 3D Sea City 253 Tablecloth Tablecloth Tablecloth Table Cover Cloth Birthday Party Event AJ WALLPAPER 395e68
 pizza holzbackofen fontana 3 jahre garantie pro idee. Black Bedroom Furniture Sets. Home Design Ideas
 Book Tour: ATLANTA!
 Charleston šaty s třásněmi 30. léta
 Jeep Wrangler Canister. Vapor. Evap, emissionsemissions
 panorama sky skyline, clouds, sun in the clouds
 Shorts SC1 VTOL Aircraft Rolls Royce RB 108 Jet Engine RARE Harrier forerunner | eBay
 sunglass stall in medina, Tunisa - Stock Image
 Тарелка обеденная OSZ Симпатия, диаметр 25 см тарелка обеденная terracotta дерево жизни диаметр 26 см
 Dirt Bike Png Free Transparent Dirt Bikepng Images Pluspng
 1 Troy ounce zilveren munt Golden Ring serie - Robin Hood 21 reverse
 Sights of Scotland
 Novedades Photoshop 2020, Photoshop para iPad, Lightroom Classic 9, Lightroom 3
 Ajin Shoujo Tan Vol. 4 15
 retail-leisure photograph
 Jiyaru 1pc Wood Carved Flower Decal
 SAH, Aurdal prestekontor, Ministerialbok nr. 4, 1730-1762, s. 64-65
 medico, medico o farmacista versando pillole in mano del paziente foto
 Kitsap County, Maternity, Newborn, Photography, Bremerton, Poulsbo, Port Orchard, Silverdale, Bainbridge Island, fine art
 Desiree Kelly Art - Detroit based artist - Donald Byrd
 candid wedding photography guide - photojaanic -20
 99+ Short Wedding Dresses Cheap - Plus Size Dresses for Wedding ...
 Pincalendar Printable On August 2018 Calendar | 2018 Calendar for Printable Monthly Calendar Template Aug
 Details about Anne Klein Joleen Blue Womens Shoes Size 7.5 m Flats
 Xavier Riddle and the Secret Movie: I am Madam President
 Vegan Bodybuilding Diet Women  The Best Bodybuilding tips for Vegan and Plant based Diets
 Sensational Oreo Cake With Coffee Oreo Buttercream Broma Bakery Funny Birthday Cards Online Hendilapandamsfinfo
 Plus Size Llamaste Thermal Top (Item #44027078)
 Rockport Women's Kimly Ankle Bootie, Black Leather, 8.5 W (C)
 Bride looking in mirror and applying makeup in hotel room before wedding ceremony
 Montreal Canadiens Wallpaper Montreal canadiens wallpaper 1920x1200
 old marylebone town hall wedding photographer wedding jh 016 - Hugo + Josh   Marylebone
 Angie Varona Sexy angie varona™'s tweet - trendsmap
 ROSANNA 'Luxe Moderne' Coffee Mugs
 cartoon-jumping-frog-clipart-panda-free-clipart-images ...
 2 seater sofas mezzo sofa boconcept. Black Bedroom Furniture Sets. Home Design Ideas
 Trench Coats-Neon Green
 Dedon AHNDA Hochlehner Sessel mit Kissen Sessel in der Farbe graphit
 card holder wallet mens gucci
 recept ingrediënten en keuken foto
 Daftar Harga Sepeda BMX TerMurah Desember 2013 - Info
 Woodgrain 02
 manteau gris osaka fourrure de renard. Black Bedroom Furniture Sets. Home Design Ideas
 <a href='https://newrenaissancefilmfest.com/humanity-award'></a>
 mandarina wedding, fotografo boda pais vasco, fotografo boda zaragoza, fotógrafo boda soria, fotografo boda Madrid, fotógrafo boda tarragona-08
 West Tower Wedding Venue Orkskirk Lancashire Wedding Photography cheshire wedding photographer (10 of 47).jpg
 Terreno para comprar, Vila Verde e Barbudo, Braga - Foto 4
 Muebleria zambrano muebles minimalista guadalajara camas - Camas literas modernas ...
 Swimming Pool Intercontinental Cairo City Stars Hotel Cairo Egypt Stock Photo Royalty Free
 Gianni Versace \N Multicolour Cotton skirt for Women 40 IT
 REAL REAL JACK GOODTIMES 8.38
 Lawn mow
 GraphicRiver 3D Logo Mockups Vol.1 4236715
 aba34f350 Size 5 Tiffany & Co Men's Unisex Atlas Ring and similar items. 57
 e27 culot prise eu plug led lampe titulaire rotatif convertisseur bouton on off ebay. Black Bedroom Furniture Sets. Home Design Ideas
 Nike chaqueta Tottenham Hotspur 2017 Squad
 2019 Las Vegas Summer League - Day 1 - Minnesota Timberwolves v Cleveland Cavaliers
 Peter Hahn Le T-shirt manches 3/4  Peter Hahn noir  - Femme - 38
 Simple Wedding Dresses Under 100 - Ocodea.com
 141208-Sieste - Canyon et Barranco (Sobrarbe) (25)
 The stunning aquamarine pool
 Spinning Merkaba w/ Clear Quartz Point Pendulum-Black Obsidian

-------------------------

__Exercise description__
Check the entries above for the word "para" and copy every line where it turns up.

__Written solution__
 Novedades Photoshop 2020, Photoshop para iPad, Lightroom Classic 9, Lightroom 3
 Terreno para comprar, Vila Verde e Barbudo, Braga - Foto 4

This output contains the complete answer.